No account / no signup	✅	❌	❌
Free	✅	partial	partial
Source available	✅ Apache 2.0	❌	partial

The actual differentiator nobody talks about (deterministic memory)

The thing nobody is doing right is how memory is read and written.

In ChatGPT and Claude.ai with memory turned on, the LLM is in charge of memory. The model decides when to remember something during your conversation. The model decides what to remember. The model decides what to retrieve when you ask a question. The whole memory layer is implemented as model behavior. You're trusting the LLM to be a librarian, and LLMs are not librarians. They hallucinate.

RecallMEM does it backwards. The chat LLM never touches your memory database. Not for reads, not for writes. The LLM only ever sees a system prompt that's already been assembled by deterministic TypeScript and SQL. Here's the actual flow:

When you send a message (memory READ path, 100% deterministic):

Plain SQL SELECT pulls your profile from s2m_user_profiles
Plain SQL SELECT pulls your top active facts from s2m_user_facts (retired facts are excluded automatically)
Each fact is stamped with its valid_from date so the model can reason about timelines
EmbeddingGemma converts your message to a 768-dim vector (math, not generation)
pgvector cosine similarity search ranks chunks from past conversations
Each retrieved chunk is stamped with its source-chat date ([from conversation on 2026-03-12]) so the model can tell history from now
If the chat is being resumed after a multi-hour gap, a one-time system marker like [Conversation resumed 6 days later] gets injected before the new user turn
TypeScript template assembles all of it into a system prompt
Then the chat LLM gets called, with the assembled context already in its prompt

The chat LLM never queries the database. It can't decide what to retrieve. It can't pick which facts are relevant. It can't hallucinate a memory that doesn't exist, because if it's not in the prompt, it doesn't exist for the model. The retrieval is 100% deterministic SQL + cosine similarity. No LLM tool calls touching your memory store.

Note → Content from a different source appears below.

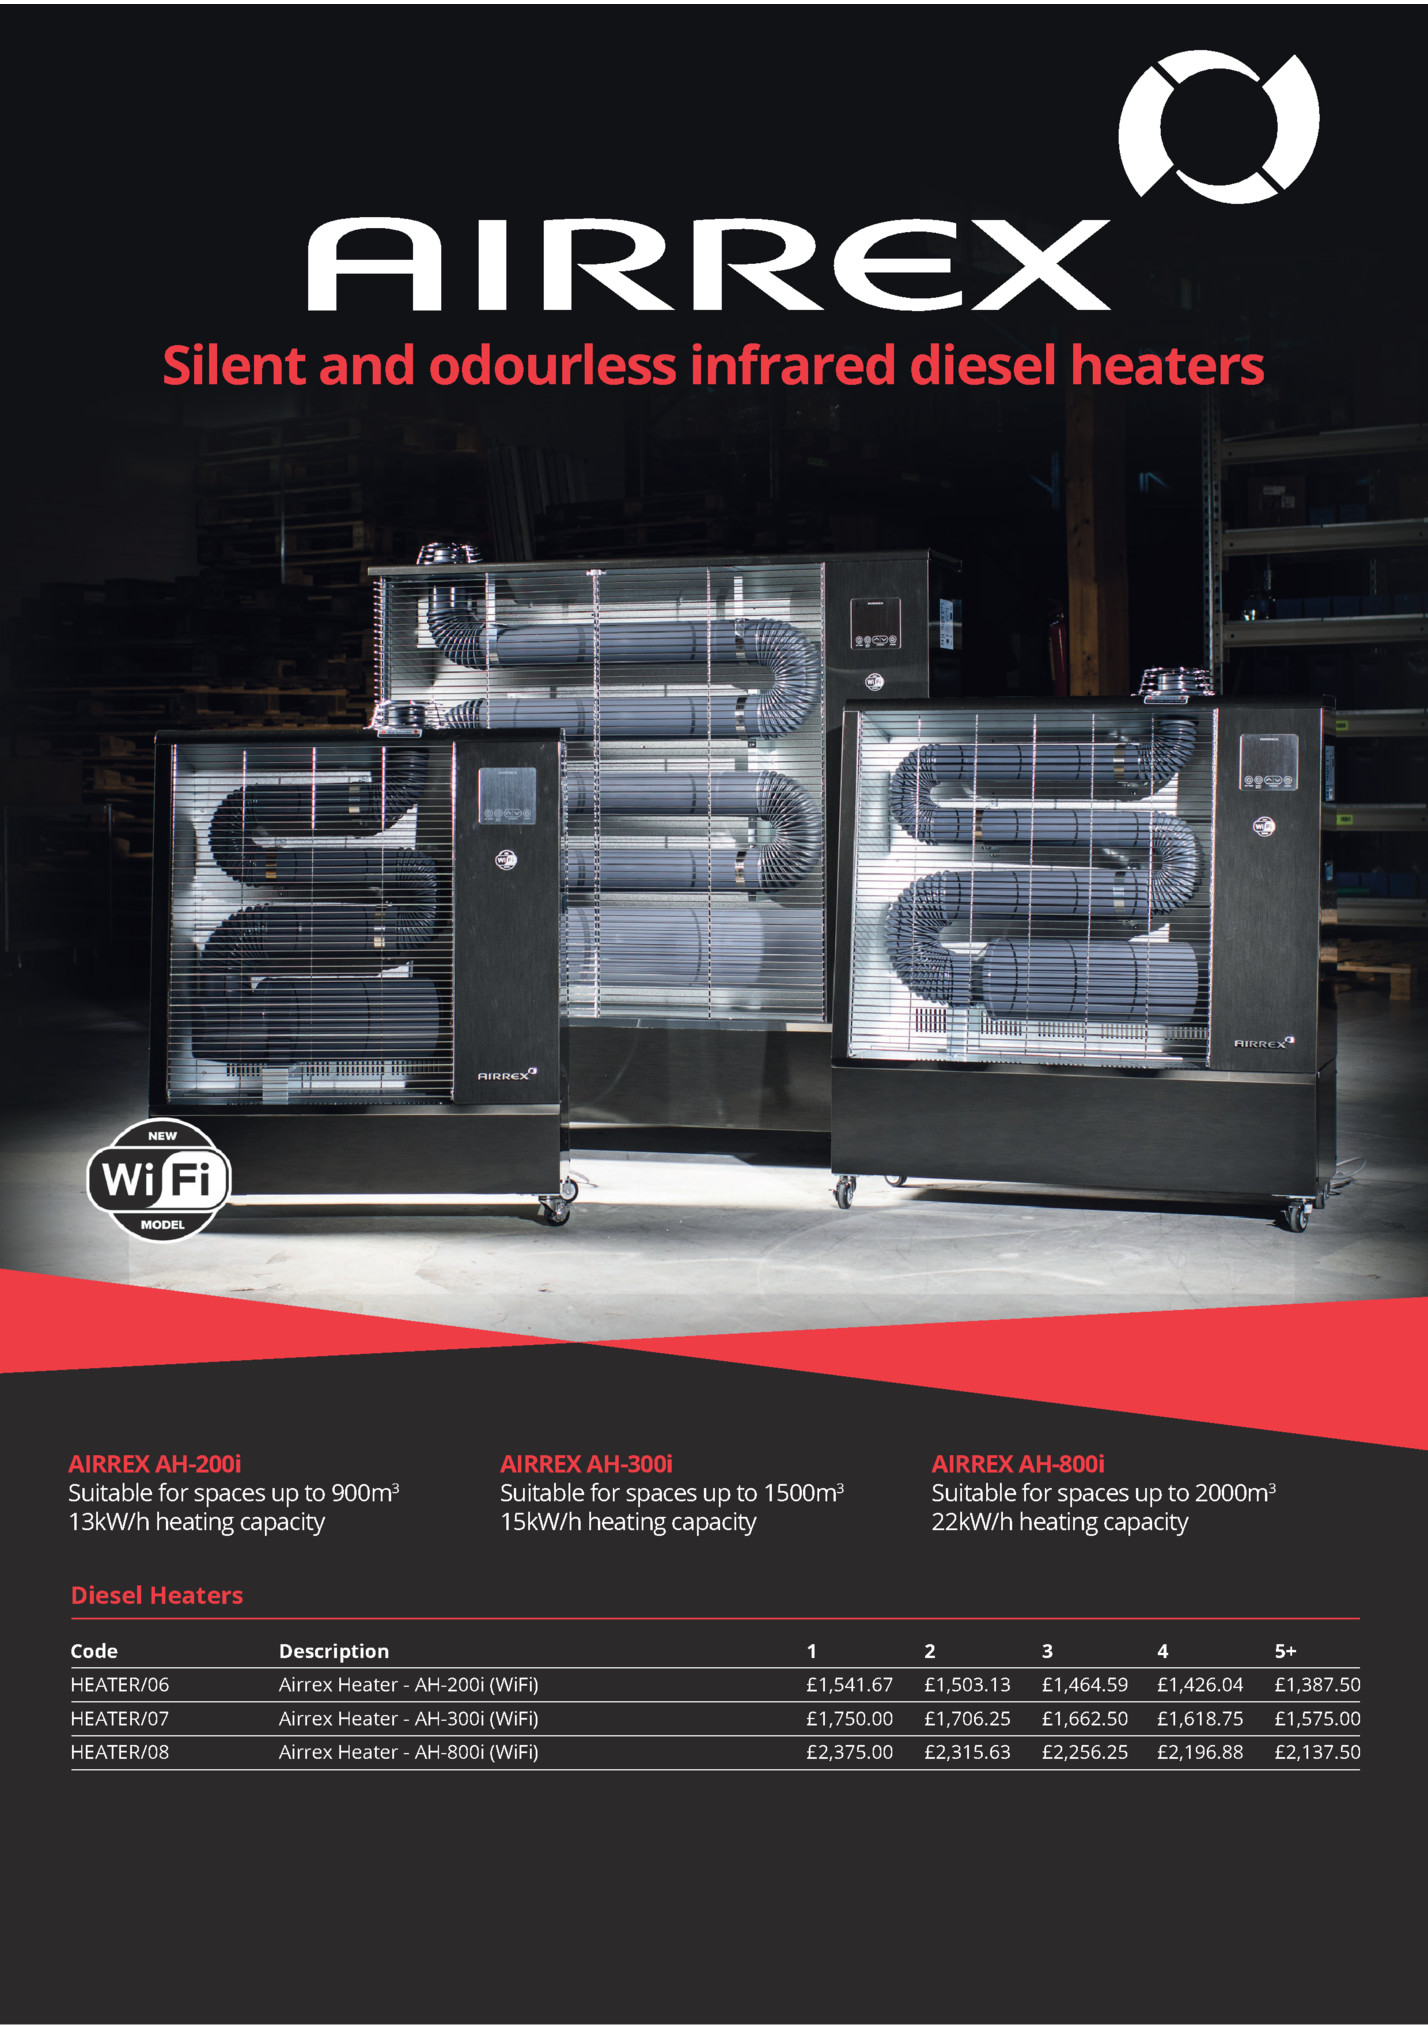 Silent and odourless infrared diesel heaters

After every assistant reply (memory WRITE path, LLM proposes, TypeScript validates):

A small local LLM (Gemma 4 E4B via Ollama) runs in the background to extract candidate facts from the running transcript. This happens fire-and-forget after the stream closes, so you never wait for it. It always uses the local model regardless of which provider the chat itself is using, so cloud users (Claude, GPT) don't get billed per turn for extraction.

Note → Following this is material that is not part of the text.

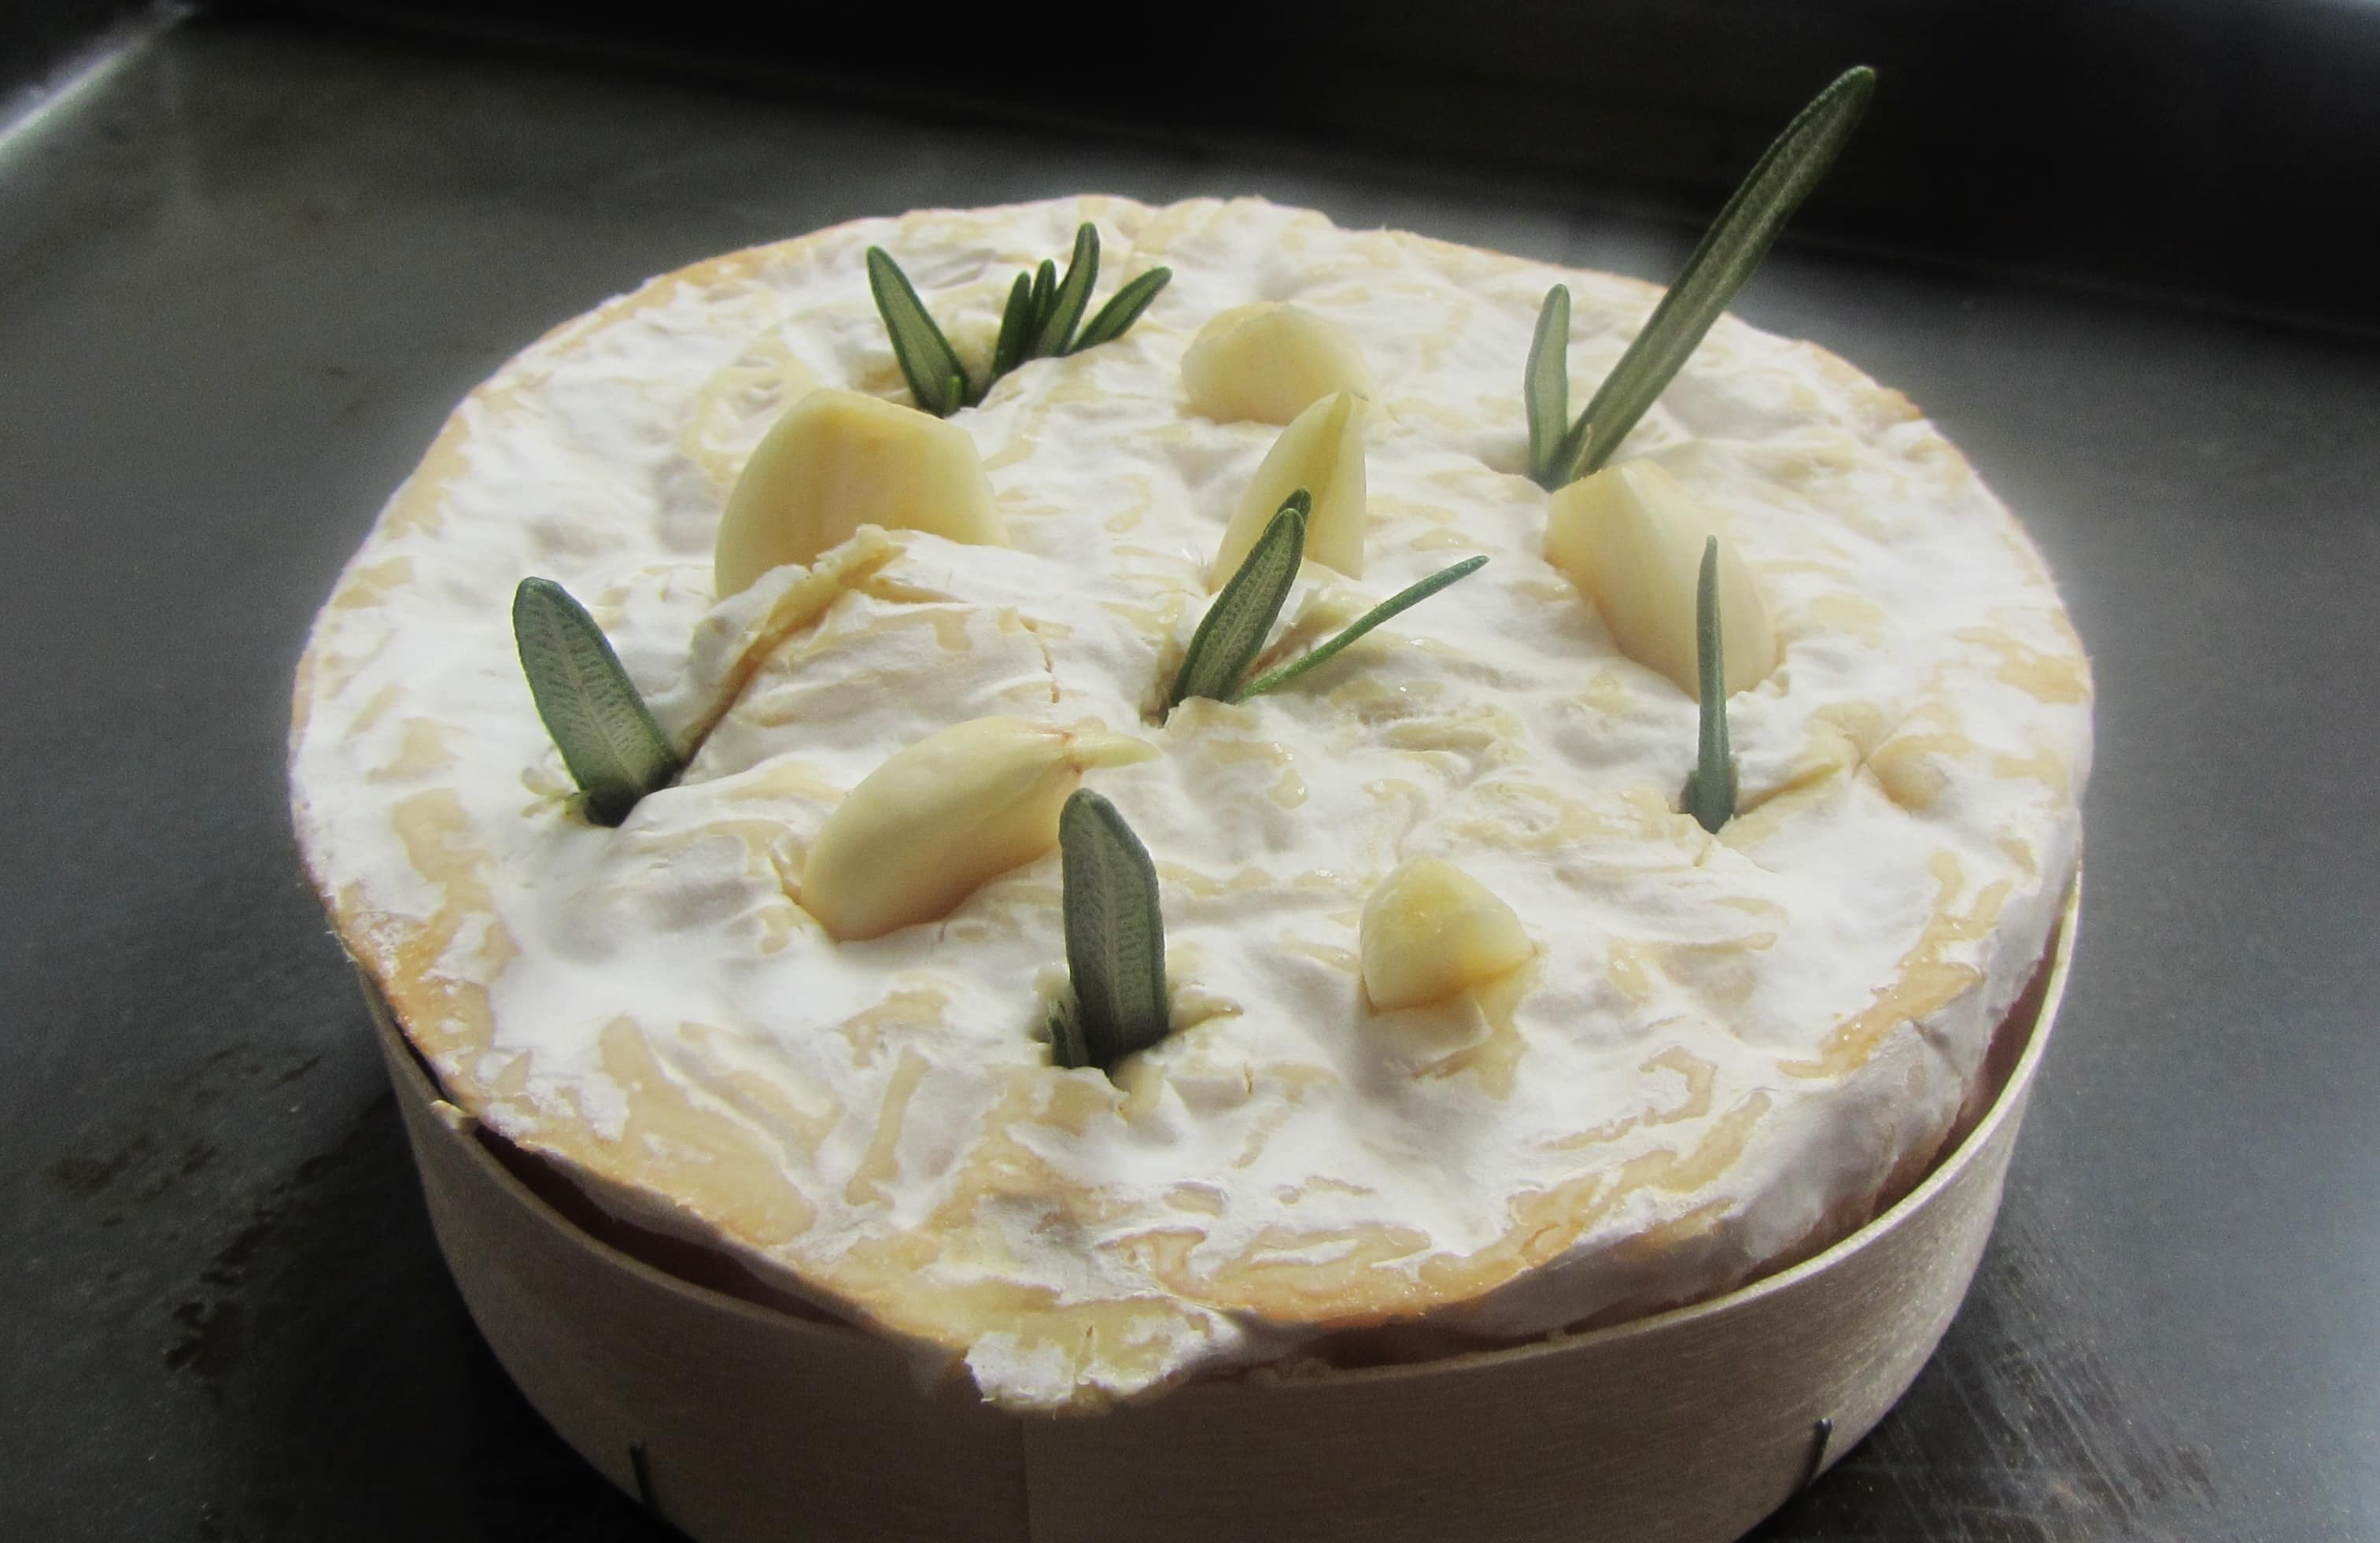 Tunworth cheese studded with garlic and rosemary, ready for baking

The same LLM call also returns the IDs of any existing facts the new conversation contradicts. So when you say "I just left Acme to start a new job," the extractor returns the new fact AND flags the old "User works at Acme" fact for retirement. The TypeScript layer flips those rows to is_active=false and stamps valid_to=NOW(). History is preserved, the active set always reflects current truth.

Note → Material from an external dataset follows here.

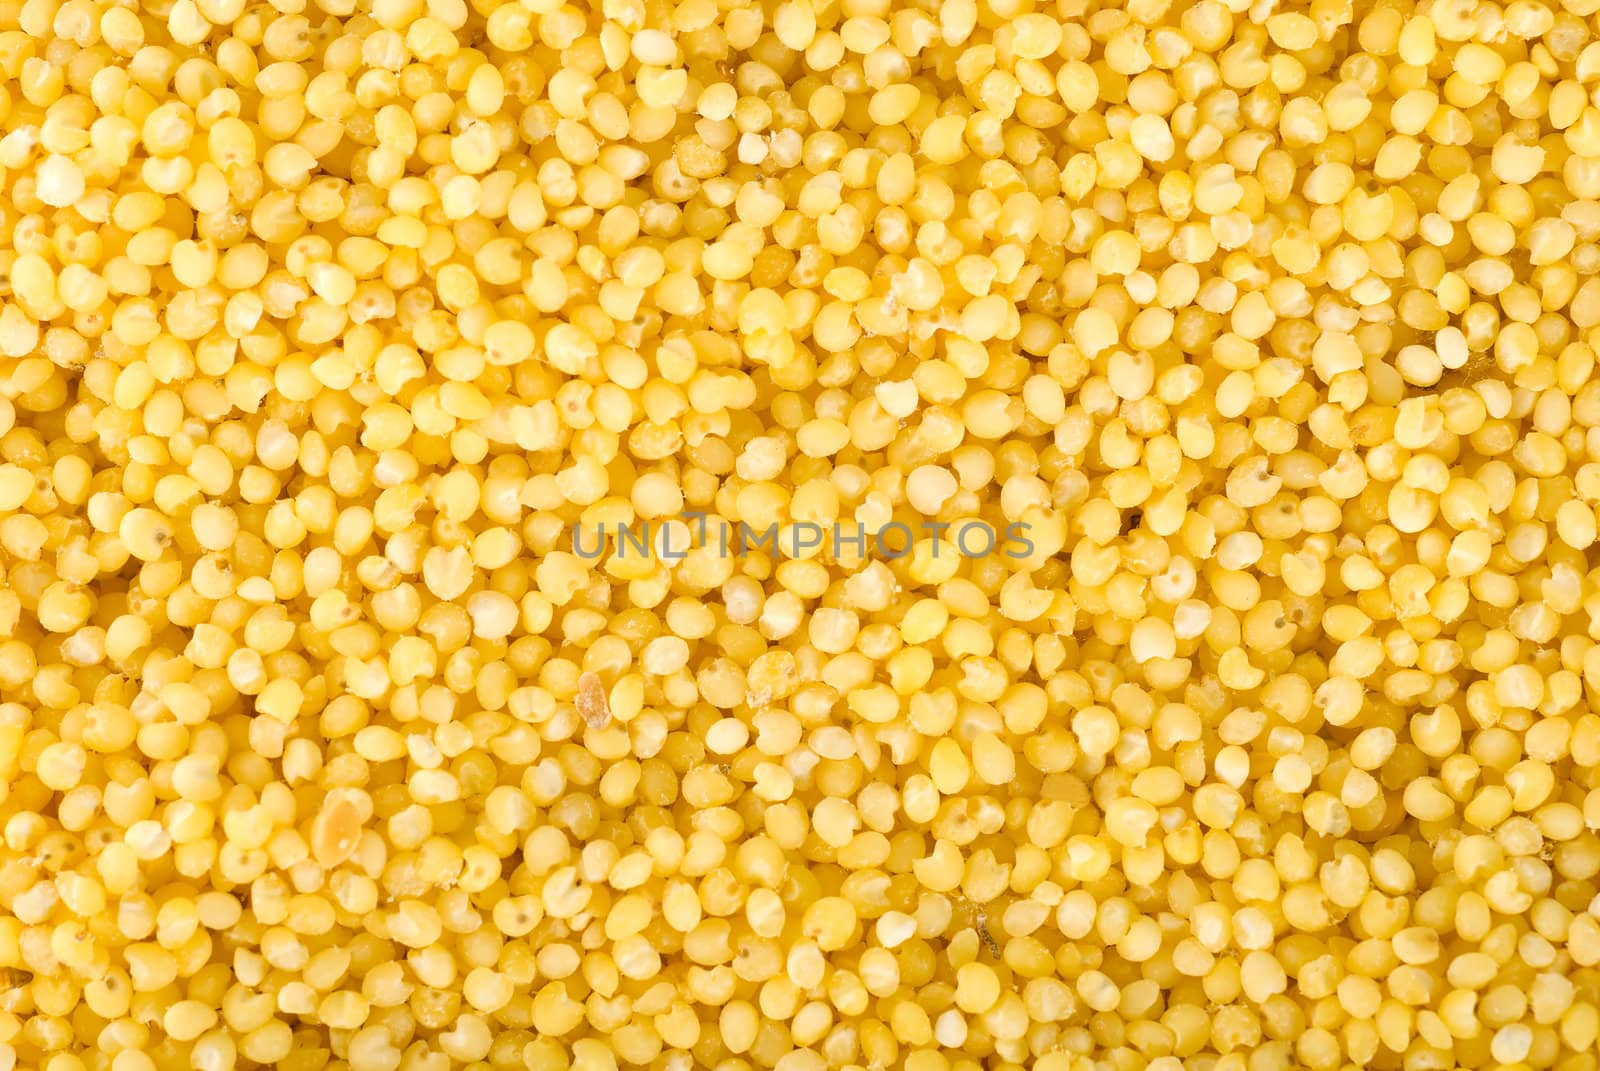 Millet seed cereal yellow backgrounds texture dry

But here's the key: the LLM only proposes facts and supersession decisions. It cannot write to the database. The TypeScript layer is the actual gatekeeper, and it runs every candidate fact through six validation steps before storage:

Quality gate. Conversations under 100 characters get zero facts extracted. The LLM never even sees them.
JSON parse validation. If the LLM returns malformed JSON or no array, the entire batch is dropped.
Type validation. Only strings survive. Objects, numbers, nested arrays, all rejected.
Garbage pattern filtering. A regex filter catches the most common LLM hallucinations: meta-observations like "user asked about X", AI behavior notes like "AI suggested Y", non-facts like "not mentioned", mood observations like "had a good conversation", and anything under 10 characters.
Deduplication. Case-insensitive normalized match against the entire facts table. Duplicates get dropped.
Categorization. The category (Identity, Family, Work, Health, etc.) is decided by keyword matching in TypeScript, not by the LLM. The LLM has no say in how facts get organized.

After all six steps, the surviving facts get a plain SQL INSERT. And even then, you can edit or delete any fact in the Memory page if you don't agree with it.

Why this matters:

Predictability. When you mention "my dog" in a chat, RecallMEM always retrieves the facts that match "dog" via cosine similarity. ChatGPT retrieves whatever the model decides to retrieve, which can vary run to run.
No hallucinated retrieval. The LLM cannot remember something that isn't actually in your facts table. If it's not in the database, it's not in the prompt.
Auditability. You can look at any chat and trace exactly which facts and chunks were loaded into the system prompt. With ChatGPT, you can't see what the model decided to surface from memory.
No prompt injection memory leaks. The LLM in RecallMEM only sees what the deterministic layer feeds it. It can't query the rest of the database. With ChatGPT, the model has tool access to memory, which means a prompt injection attack could theoretically make it dump memory contents.
Your data, your database. Memory is data you control, not behavior you have to trust the model to do correctly. You can write a script that queries Postgres directly, edit facts manually, run analytics on your own conversations.

This is the actual reason RecallMEM exists. Not "another local chat UI." A memory architecture where the LLM is intentionally not in charge.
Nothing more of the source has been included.